Print the lines from the one containing "[Completely private room/up" through the end of the listing below, exactly as written. Any pictures stay out.

(Dataset extract)

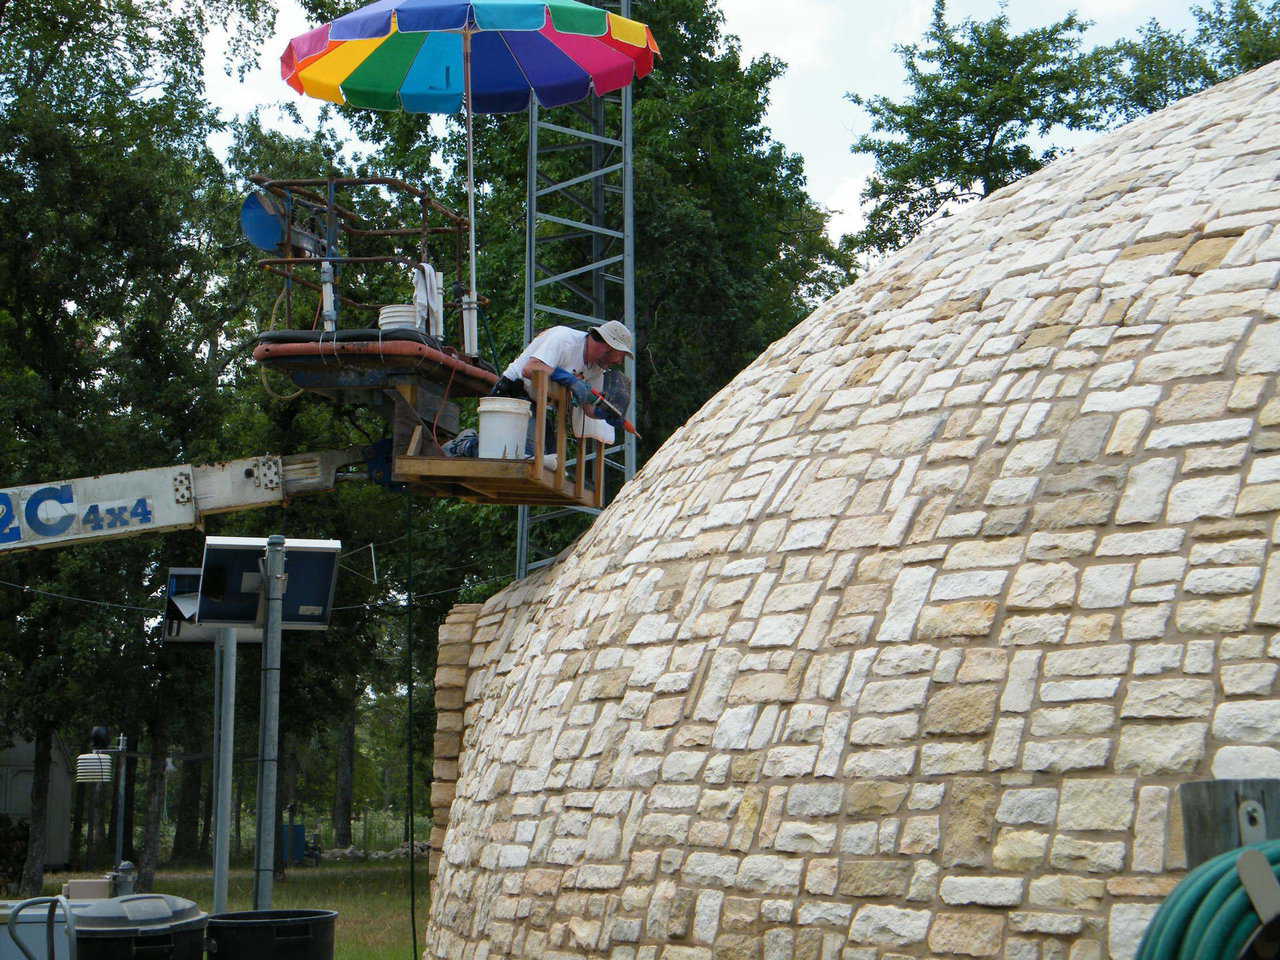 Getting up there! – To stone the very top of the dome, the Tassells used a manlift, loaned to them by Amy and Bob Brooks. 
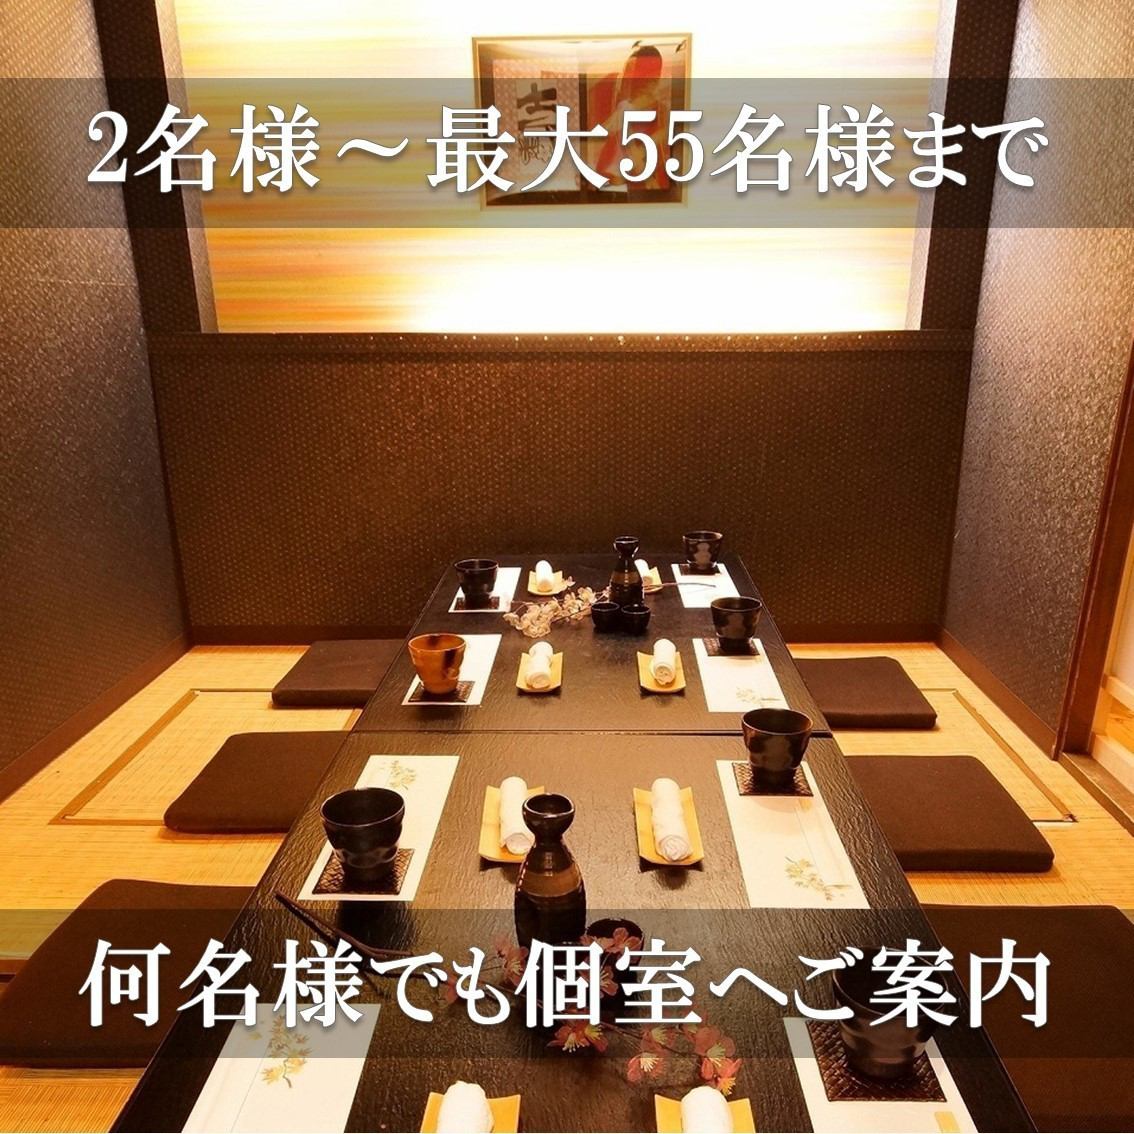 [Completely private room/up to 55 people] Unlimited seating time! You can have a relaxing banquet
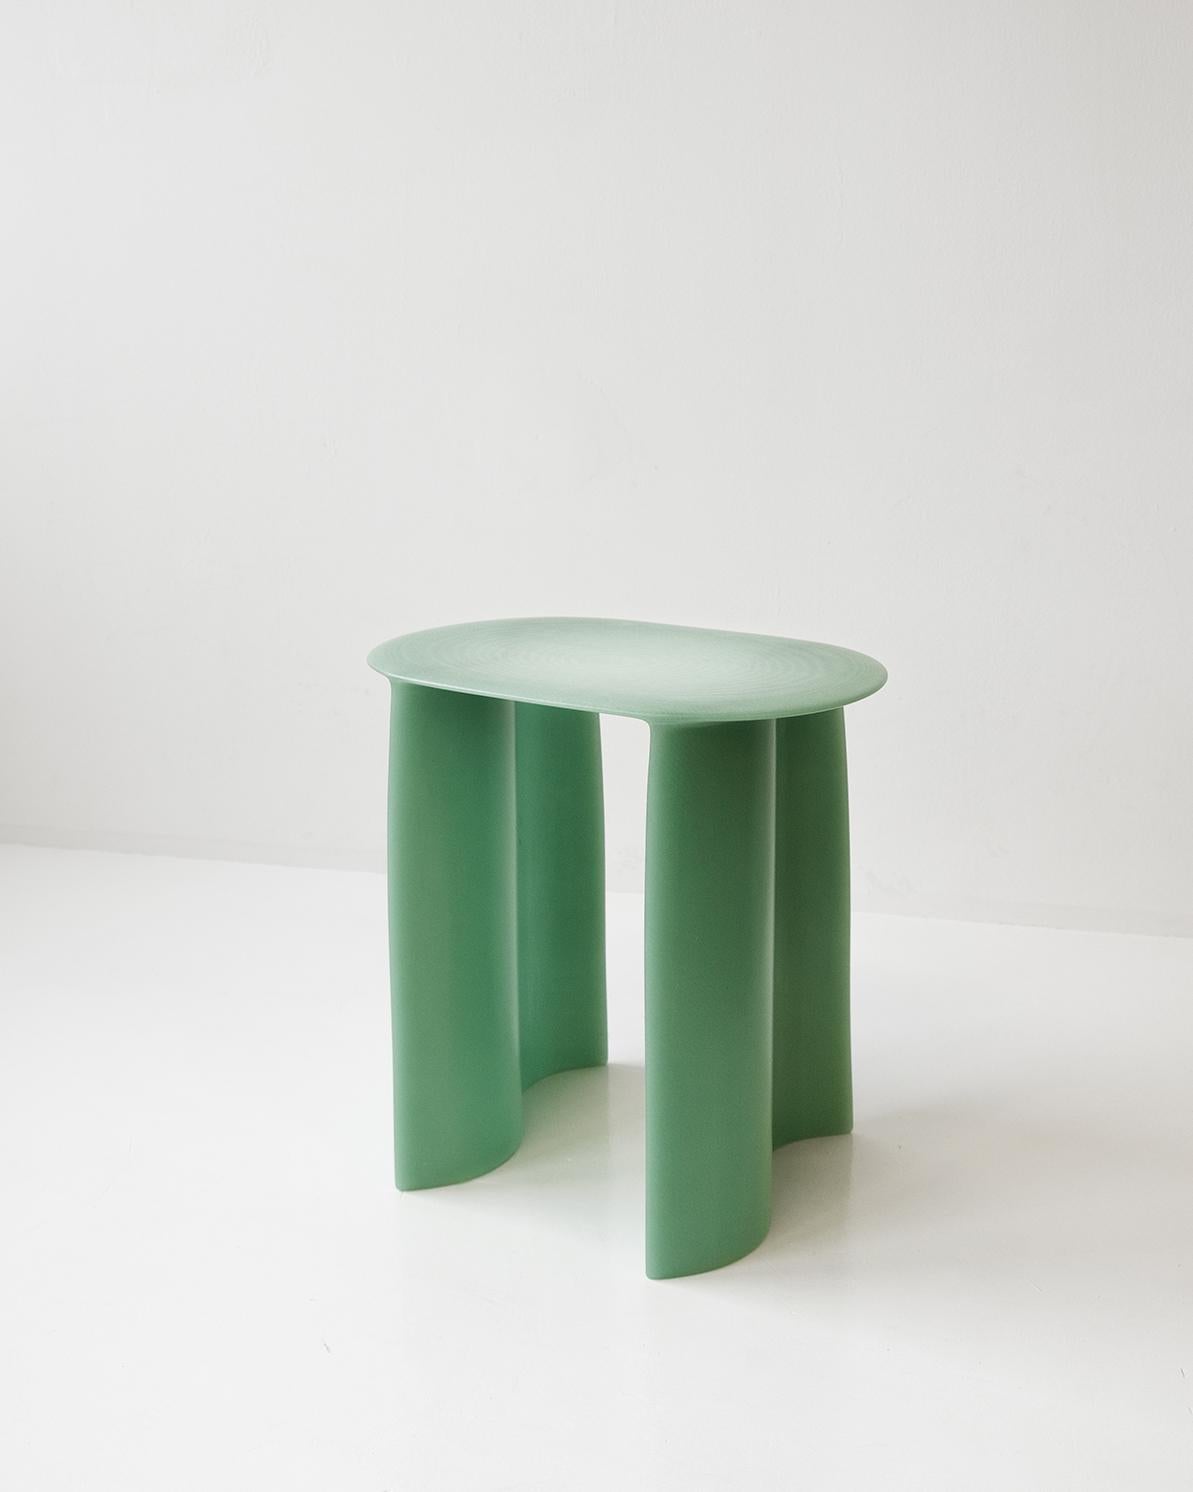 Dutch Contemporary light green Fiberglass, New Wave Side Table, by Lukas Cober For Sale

(End Dataset extract)

Exercise result |
 [Completely private room/up to 55 people] Unlimited seating time! You can have a relaxing banquet
 Dutch Contemporary light green Fiberglass, New Wave Side Table, by Lukas Cober For Sale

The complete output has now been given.